From Kirkus Reviews:
An eighth round of dire happenings in England's minuscule religious order, the Daughters of Compassion, where plucky Sister Joan is again caught up in a series of calamities and is again acting as aide to Detective Sergeant Alan Mill (A Vow of Fidelity, p. 99, etc.). Sister Joan has been assigned by Prioress Dorothy to clear out the attic storerooms of the convent building, home for centuries to the wealthy Tarquin family and bought for a song from the estate of Sir Robert Tarquin--a punishment, according to gossip, for his ne'er-do-well son Grant, who was left little but a small house in the village. Grant, an accident victim abroad, lies next to his father in the abbey tombs. Or does he? Following up on a circular left at the convent, offering to buy scrap and old silver, Sister Joan meets answering service worker Jane Sinclair, who has never seen the man whose name is on the circular but who's much interested in a Tarquin family album borrowed from her landlady. Days later, Jane is found strangled. A second strangling victim is young Jeb, a squatter in Grant's empty house. In Sister Joan's mind, the identity of the killer is never in doubt-- confirmed by her discovery of a third body in the convent attics, the results of a long overdue exhumation order, and a final confrontation with the unsurprising killer. The usual overload of convent routine and ritual; lots of sinister lurking figures, but little suspense in a plot that edges into sheer silliness with a common-sensedefying sacrificial gesture to wind it up.
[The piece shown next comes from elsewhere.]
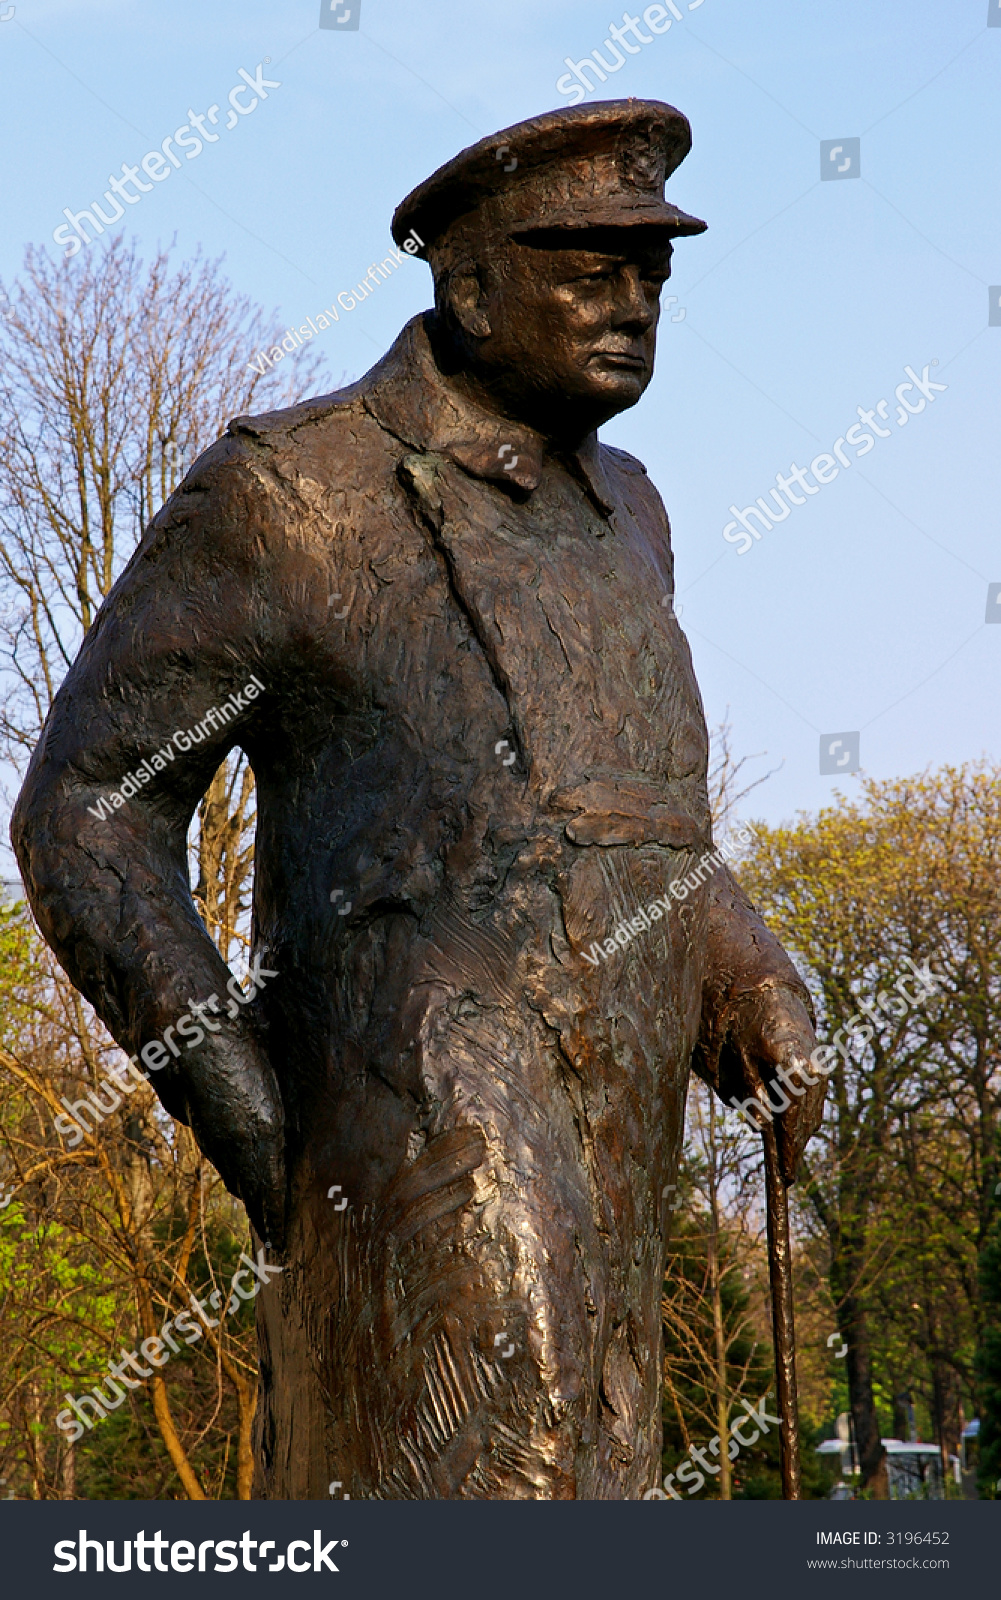 Old Bronze Statue Sir Winston Churchill Stock Photo 3196452 - Shutterstock

The weakest link to date in this modestly diverting chain. -- Copyright ©1996, Kirkus Associates, LP. All rights reserved.
From Publishers Weekly:
She has a sharp sense of humor, a keen mind, a stubborn and inquisitive nature. She is also devout and obedient?sometimes. Sister Joan of the Order of the Daughters of Compassion makes her eighth appearance (after A Vow of Fidelity) in a cautious story that, despite the influence of her continually engaging personality, falters under massive contrivance and tortured logic. The Order, located in Cornwall, has inherited the manor house of the venerable Tarquin family, extinct now with the burial of disreputable Grant Tarquin some 18 months earlier. While Sister Joan cleans out the manor's storage areas in hopes of finding a few salable antiques, an advertising circular from "G.T. Monen, scrap merchant and silversmith" is slipped beneath the door. She sets off on his trail, unwittingly triggering a disastrous series of events that leads her to some macabre discoveries: the body of Monen's secretary; the corpse of a teenaged thug; and the grisly 25-year-old remains of a young woman locked in the convent's storeroom trunk. What is equally disturbing is that Sister Joan is being stalked?and she swears it is by Grant Tarquin himself. Joan's wry wit and shrewd observations add zest to the mystery, but wooden dialogue and an egregious deus ex machina at the end undo the novel.